'ARM Cortex M4 silently resets on recursion though fault handlers ARE OK (sometimes)
I recently went through an exercise to implement and test fault handlers on a bare metal ARM Cortex M4 platform. Having implemented handlers, I also wrote a pretty brutal app to trigger various faults and see how the handler responded.
By the way, the chip is a Nordic nRF52832.
One test I wrote was the following function (the call to it is simplified, you actually need to send a command over the main UART to make it kill itself):
static volatile uint32_t dummy = 1;
uint32_t evil_recursive(uint32_t i)
{
printf("N:%d MSP: 0x%08x", i, (uint32_t *)__get_MSP());
return evil_recursive( i + dummy);
}
main()
{
uint32_t i = evil_recursive(1);
}
This was surprisingly difficult to get to misbehave, we needed to use the compiler flag
CFLAGS += -fno-optimize-sibling-calls
to get it to define new stack frames. The compiler seems to unroll the function into loop of 9 calls (you can see MSP decrease by 32 every 9 print statements). But, misbehave it did, after two minutes, with a bus fault. All OK so far.
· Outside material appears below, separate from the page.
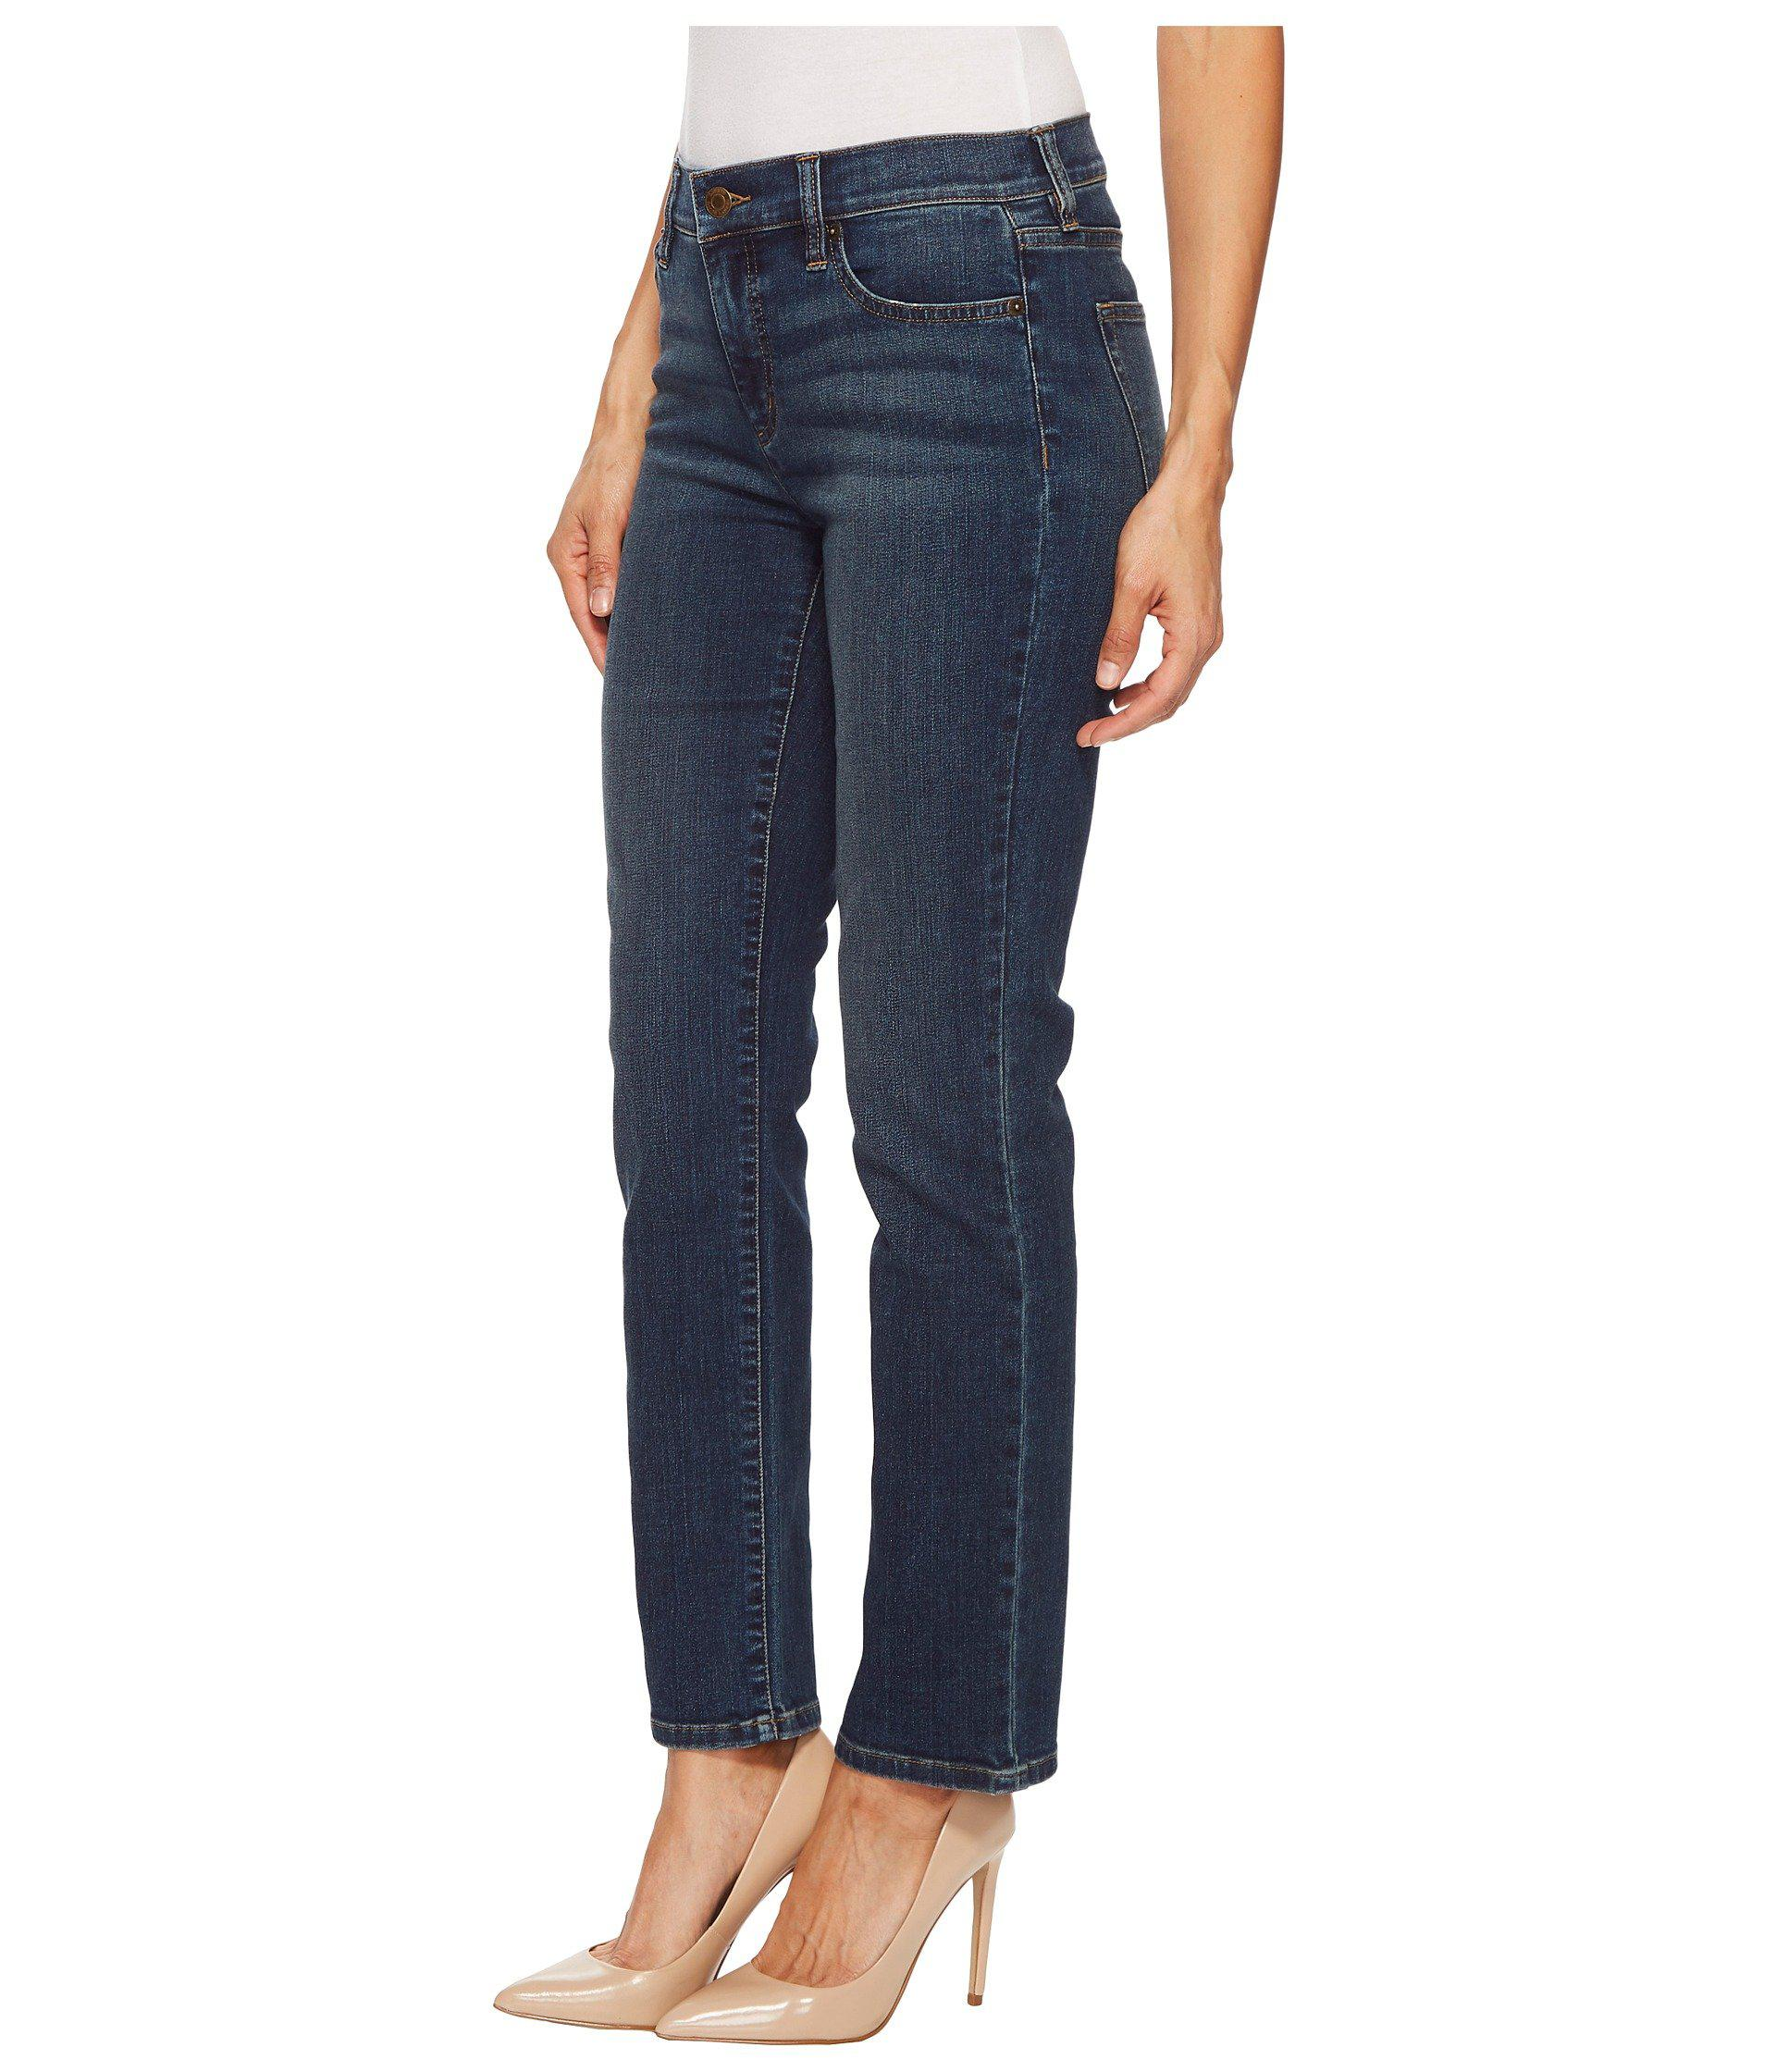 f00b260530557 Lyst - Lauren By Ralph Lauren Petite Slimming Classic Straight Jeans  (harbor Wash) Women s Jeans in Blue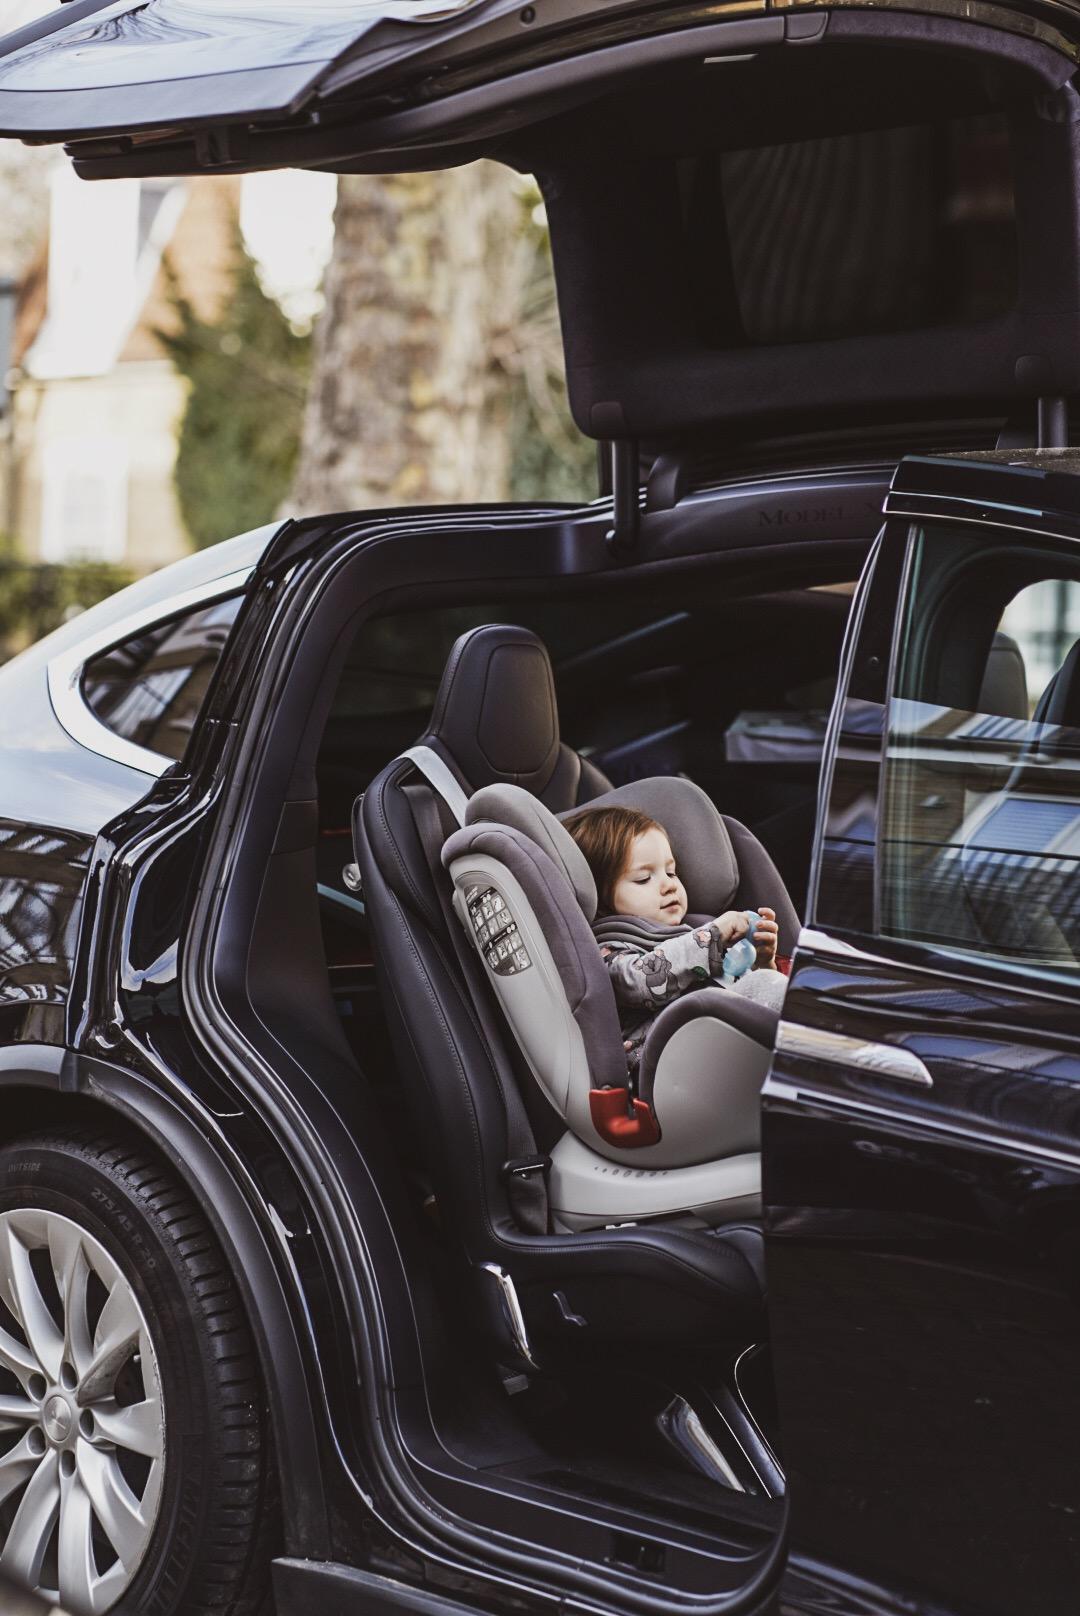 apramo carseat motherhood travel with children road trip

As printf() here is going to a slow, bitbash, blocking UART, to speed things up, I removed it. (It was just for debug). To my surprise, calling the evil function now causes an immediate reset of the processor, and no fault handler is triggered.
Has anyone any idea why this might be? I would expect this to eat memory and cause some kind of handler to kick in.
MORE INFO : I wondered whether the simple presence of the print statement was changing the way things compile, or the behaviour. So I tried this, which runs much faster but contains basically the same call:
uint32_t evil_recursive(uint32_t i)
{
static char c = 'A';
debug_uart_putc(c);
c++;
if (c > 'Z') c = 'A';
return evil_recursive( i + dummy);
}
This also resets without triggering any handler.
LATER : this is how the two fn's have been compiled.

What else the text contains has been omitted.